Tutorials>KD-trees and forests

VLFeat implements the randomized kd-tree forest from FLANN. This enables fast medium and large scale nearest neighbor queries among high dimensional data points (such as those produced by SIFT).

Introduction

A kd-tree is a data structure used to quickly solve nearest-neighbor queries. Consider a set of 2D points uniformly distributed in the unit square:

  X = rand(2, 100) ;

A kd-tree is generated by using the vl_kdtreebuild function:

  kdtree = vl_kdtreebuild(X) ;

The returned kdtree indexes the set of points X. Given a query point Q, the function vl_kdtreequery returns its nearest neighbor in X:

  Q = rand(2, 1) ;
  [index, distance] = vl_kdtreequery(kdforest, X, Q) ;

Here index stores the index of the column of X that is closest to the point Q. distance is the squared euclidean distance between X(index),Q.

A kd-tree is a hierarchal structure built by partitioning the data recursively along the dimension of maximum variance. At each iteration the variance of each column is computed and the data is split into two parts on the column with maximum variance. The splitting threshold can be selected to be the mean or the median (use the ThresholdMethod option of vl_kdtreebuild).

kd-tree partitions of a uniform set of data points, using the mean (left image) and the median (right image) thresholding options of vl_kdtreebuild. On the bottom right corner a query point is marked along with the ten closest neighbors as found by vl_kdtreequery. Figure generated by vl_demo_kdtree.

Querying

vl_kdtreequery uses a best-bin first search heuristic. This is a branch-and-bound technique that maintains an estimate of the smallest distance from the query point to any of the data points down all of the open paths.

vl_kdtreequery supports two important operations: approximate nearest-neighbor search and k-nearest neighbor search. The latter can be used to return the k nearest neighbors to a given query point Q. For instance:

[index, distance] = vl_kdtreequery(kdtree, X, Q, 'NumNeighbors', 10) ;

returns the closest 10 neighbors to Q in X and their distances, stored along the columns of index and distance.

The MaxComparisons option is used to run an ANN query. The parameter specifies how many paths in the best-bin-first search of the kd-tree can be checked before giving up and returning the closest point encountered so far. For instance:

[index, distance] = vl_kdtreequery(kdtree, X, Q, 'NumNeighbors', 10, 'MaxComparisons', 15) ;

does not compare any point in Q with more than 15 points in X.

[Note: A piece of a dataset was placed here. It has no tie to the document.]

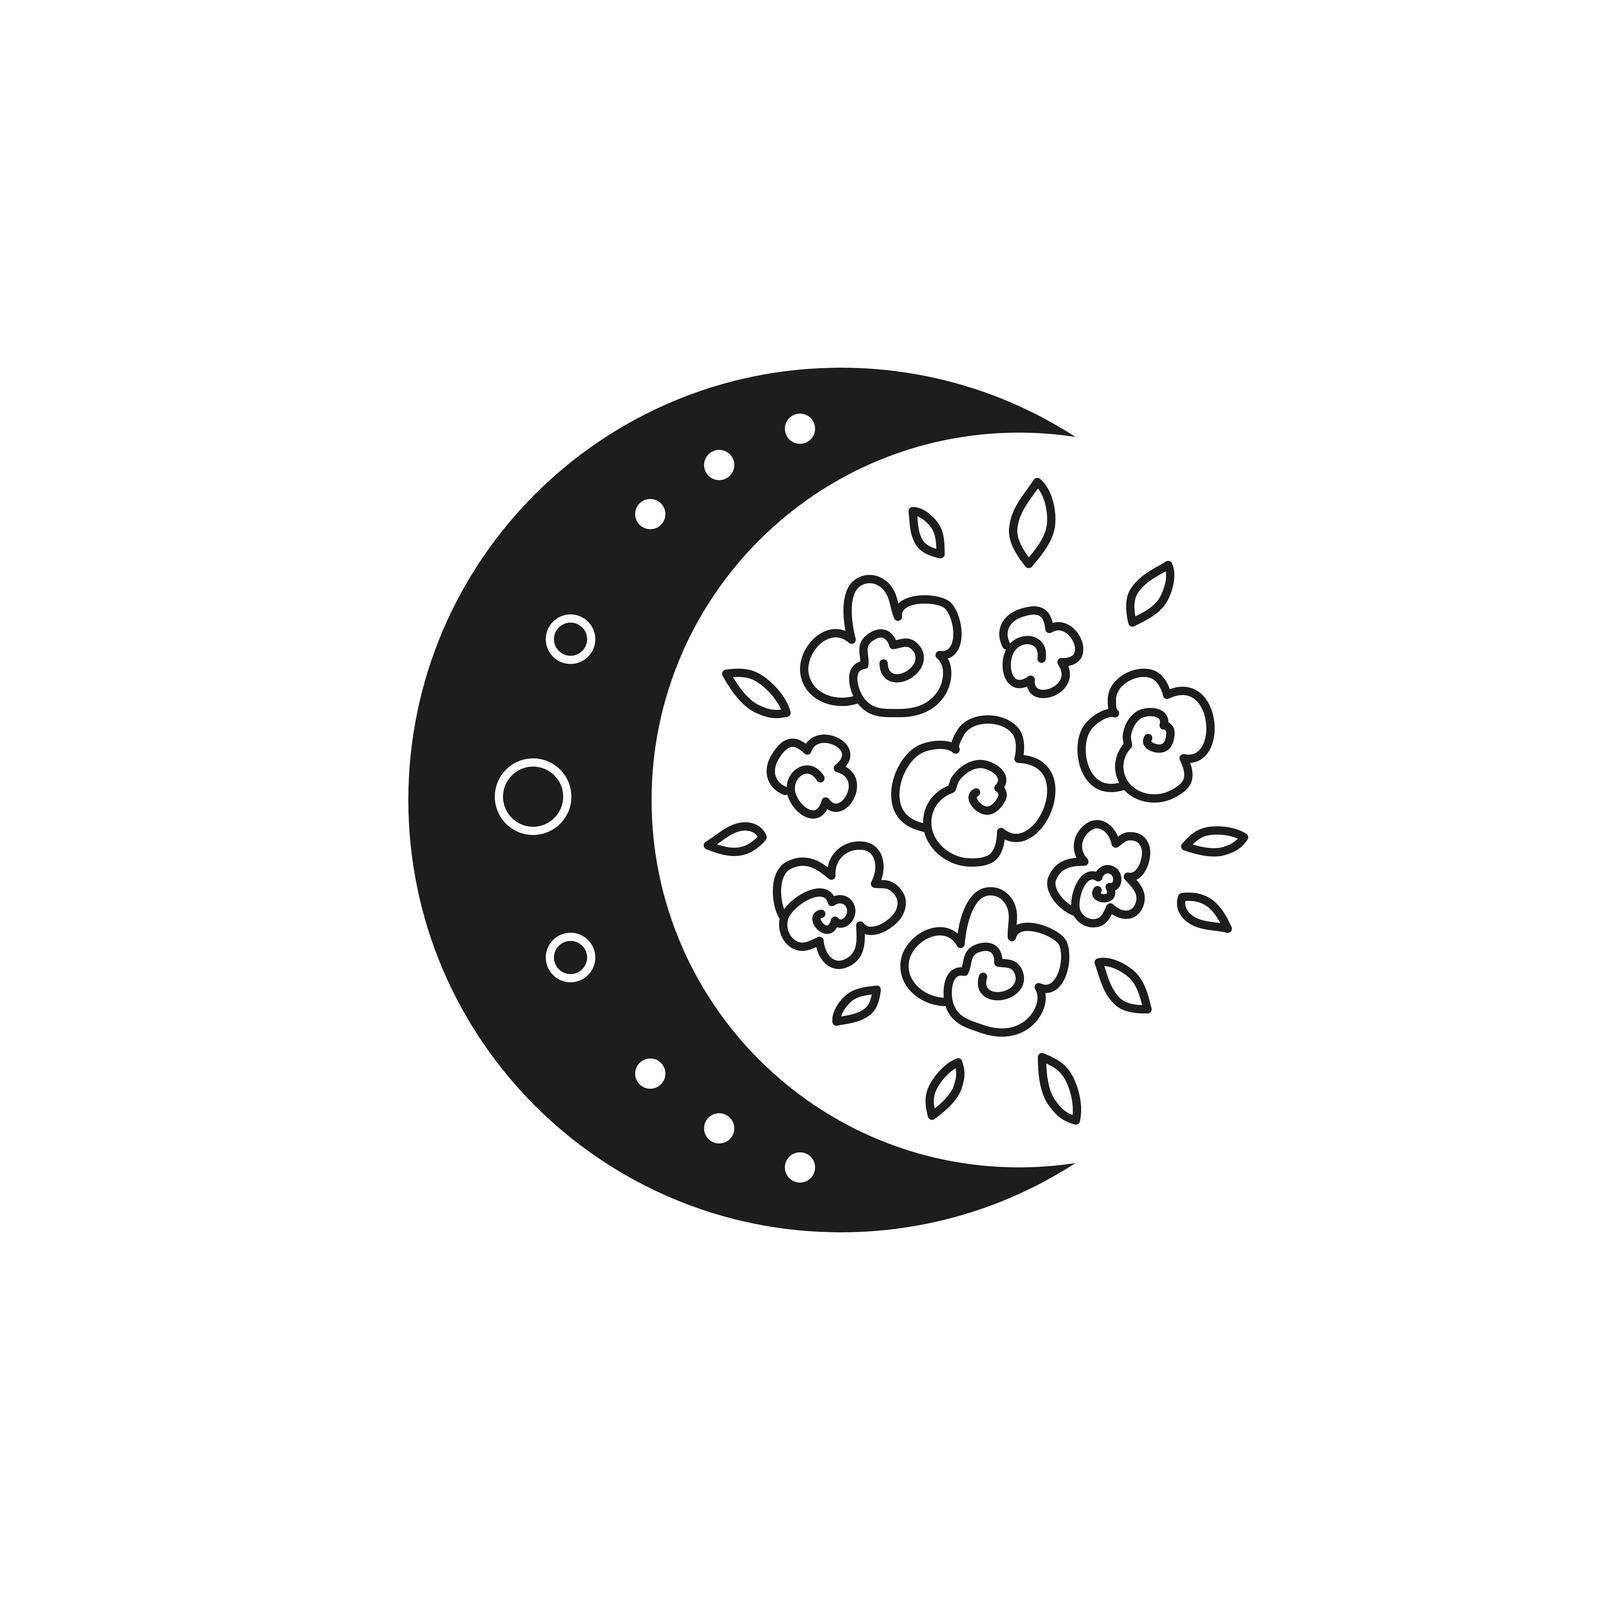 Black bohemian crescent moon with outline flowers isolated on white background. Mystic witchy illustration. Boho chic silhouette.

Finding the 10 approximated nearest neighbors for increasing values of the MaxComparisons parameter. Note that at most MaxComparisons neighbors can be returned (if more are requested, they are ignored). Figure generated by vl_demo_kdtree_ann.

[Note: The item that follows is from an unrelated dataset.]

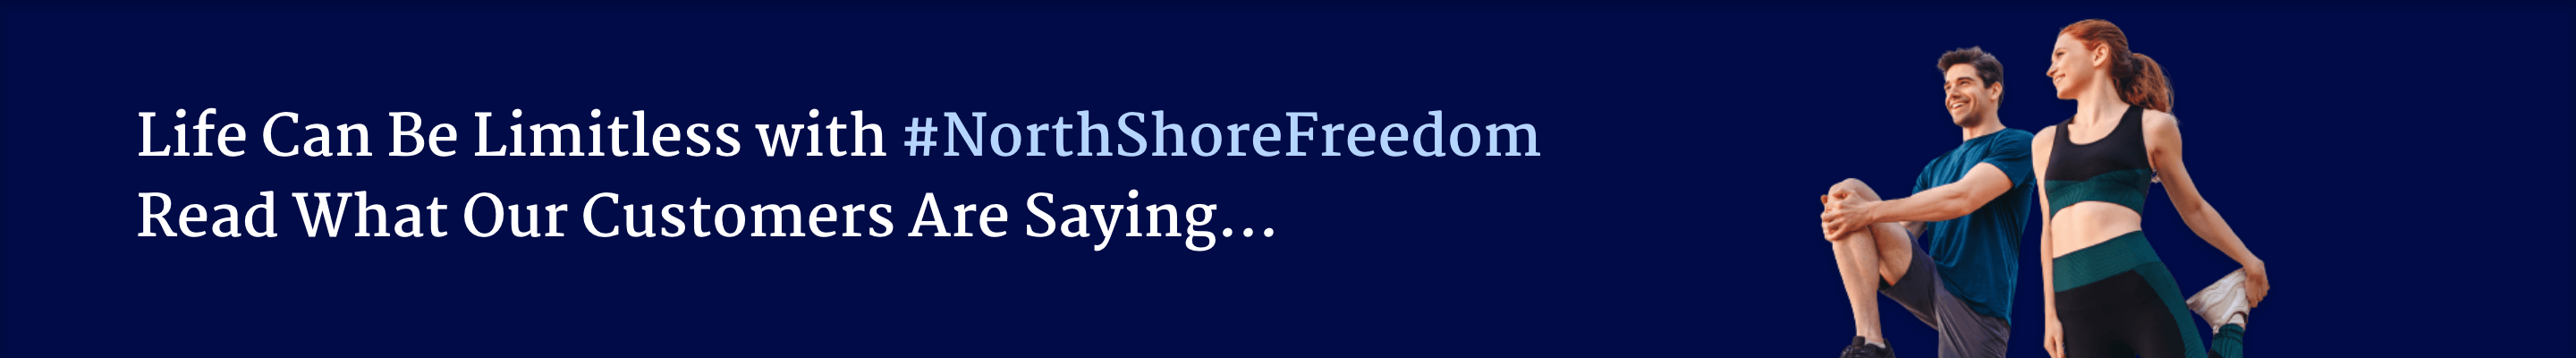 Life Can Be Limitless with #NorthShoreFreedom Read what our customers are saying...

Randomized kd-tree forests

VLFeat supports constructing randomized forests of kd-trees to improve the effectiveness of the representation in high dimensions. The parameter NumTrees of vl_kdtreebuild specifies how many trees to use in constructing the forest. Each tree is constructed independently. Instead of always splitting on the maximally variant dimension, each tree chooses randomly among the top five most variant dimensions at each level. When querying, vl_kdtreequery runs best-bin-first across all the trees in parallel. For instance

  kdtree = vl_kdtreebuild(X, 'NumTrees', 4) ;
  [index, distance] = vl_kdtreequery(kdtree, X, Q) ;

constructs four trees and queries them.

The parameter NumTrees tells vl_kdtreebuild to construct a number of randomized kd-trees. Figure generated by vl_demo_kdtree_forest.